To begin the lesson, students will watch the film “Acid Test: The Global Challenge of Ocean Acidification” either as a class or on their own. (This video is a 21-minute video produced by Natural Resources Defense Council (NRDC). It may also be viewed on YouTube. You may also want to show a short video (6 minutes) about the shellfish industry which uses the Pacific Northwest as the main example.)
The purpose of watching a video is to engage students in thinking about the global impact of CO2 on ocean ecosystems and to identify possible stakeholders for future role-play. Students should come away with an understanding of the magnitude and complexity of problems surrounding ocean acidification. The video is used to anchor a discussion of addressing these problems using a systems approach that will incorporate collaborative lab groups. The PowerPoint and discussion in Lesson 4 will help students determine what specifically to study in upcoming investigations.
1. Ask students to watch the NRDC developed video as a class or on their own. Have them fill in the open-ended student guide (Google Doc | Word Doc) OR this more guided student worksheet (Google Doc | Word Doc).
2. Use the content in their worksheet/guides to lead a discussion about ocean acidification. Here are student examples of completed worksheets: open-ended student guide answer sheet, guided student worksheet answers.
- Teacher Open-Ended Video Worksheet Key (PDF)
- Teacher Guided Video Worksheet Key (PDF)
Please note: If you want students to watch the video in class and need to give them class time to complete their guide, you can split this lesson up into 2 days. Day 1 = the video and completion of the guide; Day 2 = Discussion and Introduction to Systems Studies.

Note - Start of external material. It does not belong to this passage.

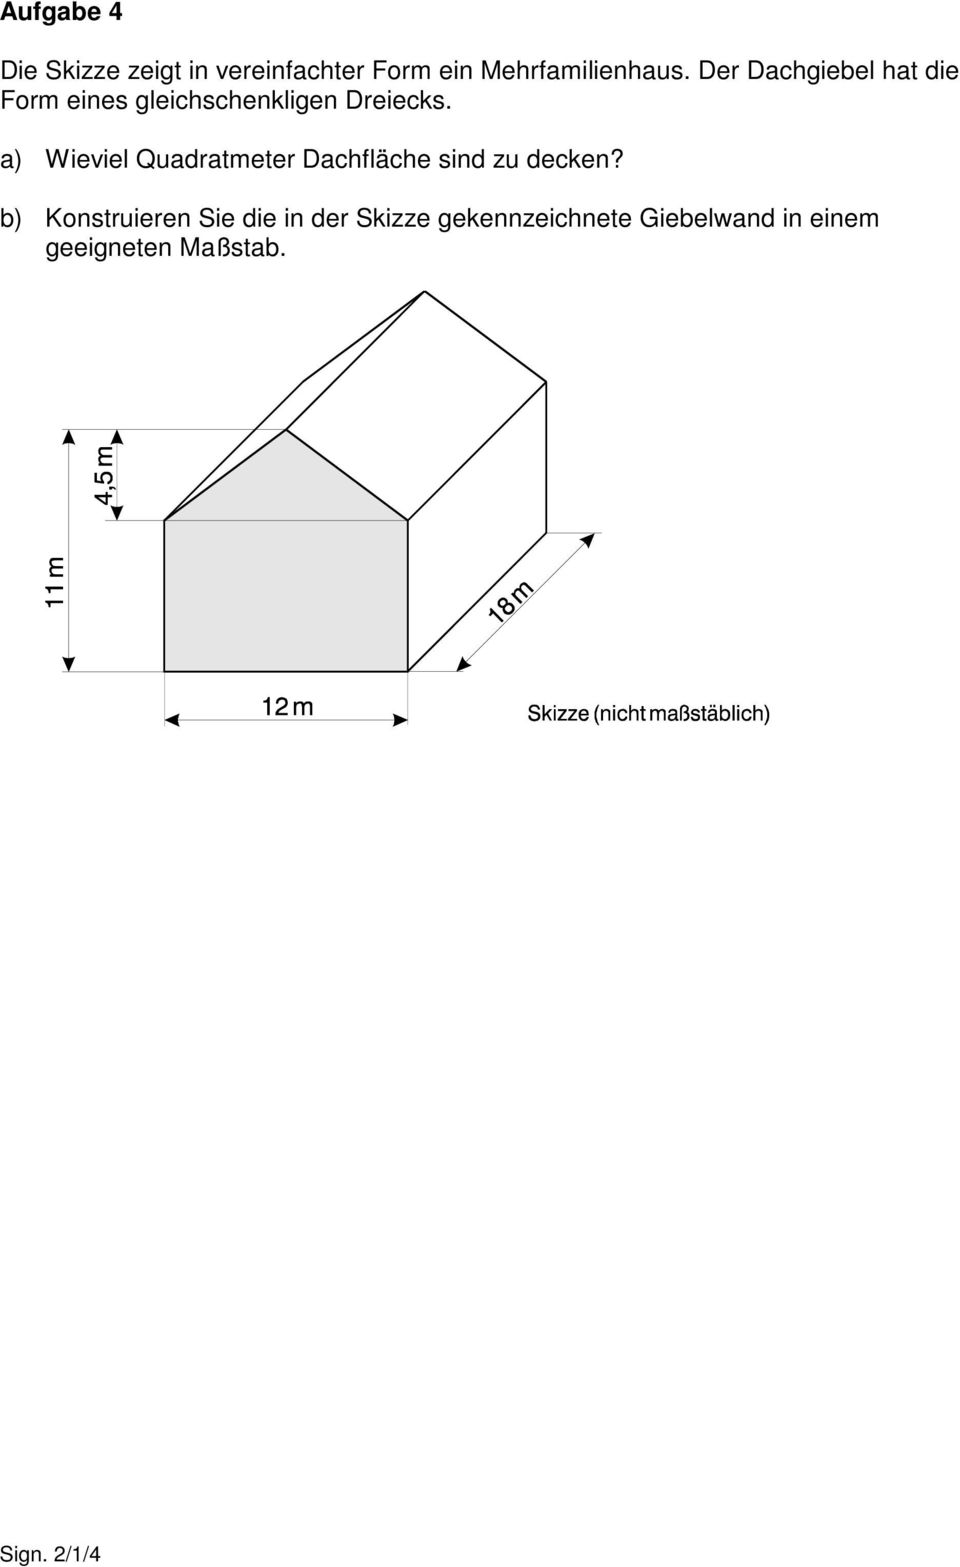 a) Wieviel Quadratmeter Dachfläche sind zu decken?

3. Guide students through an open discussion. Use the students’ answers to their video guide to guide the discussion. The end goal should be to get students to realize that this is a complex situation, but parts of it are within the realm of scientific research. There is a great deal to study to fully understand both what is happening and to make predictions of how the system and its members will respond. Begin by asking students to share some of their thoughts and worksheet answers. Since the open-ended video guide is less scripted, this lesson is written specifically to those questions. However, a very similar discussion is encouraged when using the more guided student worksheet.
For Question #1 on the open-ended video guide, here are some possible student answers:
|Groups/types of people involved
||Ocean organisms involved
||Positive aspects of oceans (what the oceans do for the planet)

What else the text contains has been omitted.